The Connected Breath

Breathing is powerfully impactful for the pelvic floor. It is also a profound tool for help with Diastasis Recti .

Your pelvic floor muscles work automatically with the breath but there are ways to slow down and begin to connect. Breathing is a simple place to start connecting to your pelvic floor. I find it helpful to do when someone has difficulty with pelvic floor awareness or contraction.

You can practice connecting when lying down, in standing, or seated,  the you eventually want to move on to broader movement patterns and exercises. One key tip – think of your Kegel as “picking up a tissue.” It should be light and gentle not squeezing and gripping as if you were crumpling a tissue with your hand.

The diaphragm and pelvic floor have a unique relationship that works in unison. This connection can help to retrain timing and coordination, to balance pressure, and to learn how to match the tension to the task. Sometimes it’s about learning to contract and sometimes it about learning to let go.


Check out this tutorial on connecting your breath to pelvic floor, then keep reading for more self help tools.

Are you trying to remember to do your kegels but left wondering if it is even accomplishing anything?

You aren’t alone.

Pelvic floor issues can include tightness, weakness, pressure, heaviness, leakage, and pain. Kegels can help, so can changing up your pressure, or tension, breath pattern, or learning to down regulate.  There is no one size fits all exercise! Pelvic floor training should meet you where you’re at. 

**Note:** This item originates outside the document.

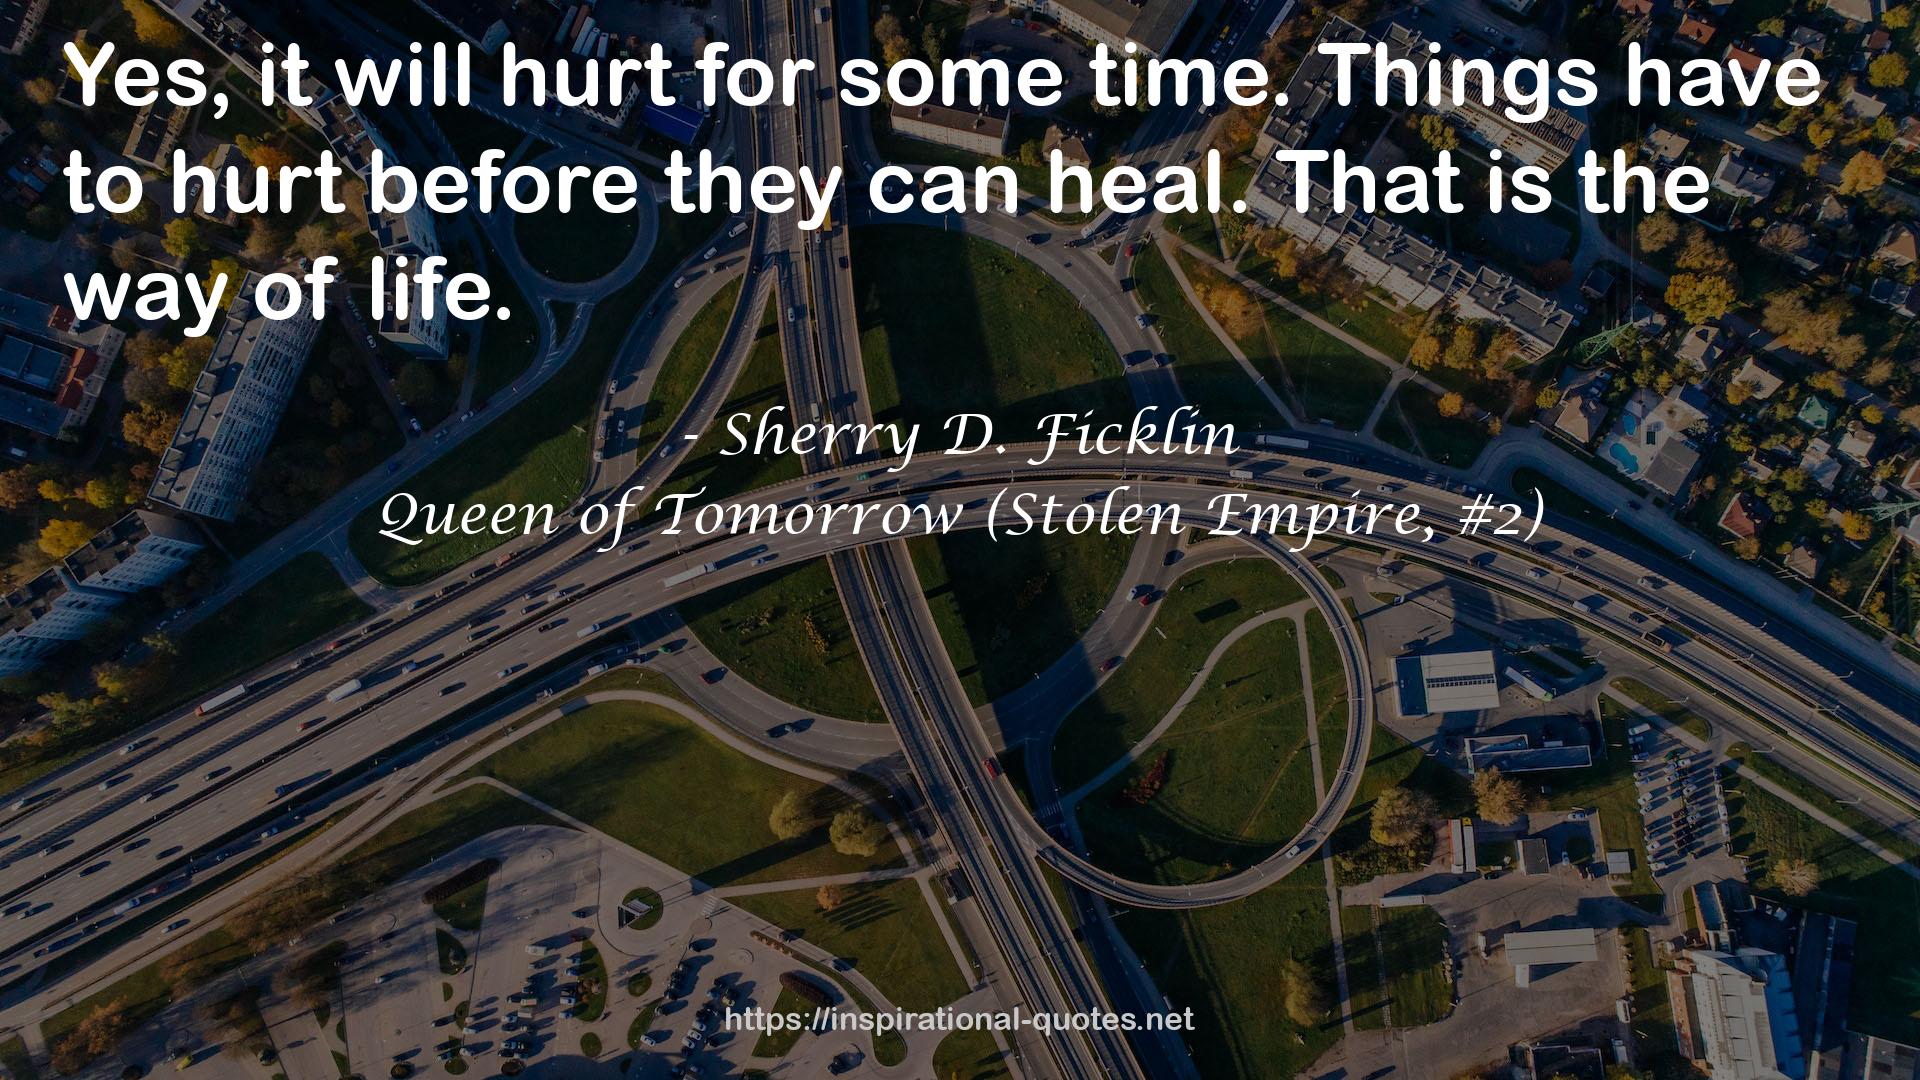 Sherry D. Ficklin QUOTES

6 Tips to stop leaking now

So now you know how to connect let’s dive deeper. Breathing regulates pressure which is important for pelvic floor symptoms. Changing the pressure may be one key place to start training for impact and load. Begin first by noticing whether you hold your breath or breathe shallow,  or notice where your pressure is located. We can adapt this and train it differently.

Bracing the abs is another common strategy but may increase tension in the pelvic floor. Tension in the pelvic floor changes the way the muscles act on impact and could contribute to incontinence.  Remember your pelvic floor is like a trampoline, it needs to have a balance between tension and motion.

For you next workout, practice less bracing. Keep breathing and keep the body light with movement. This may help to reduce tension and change your symptoms.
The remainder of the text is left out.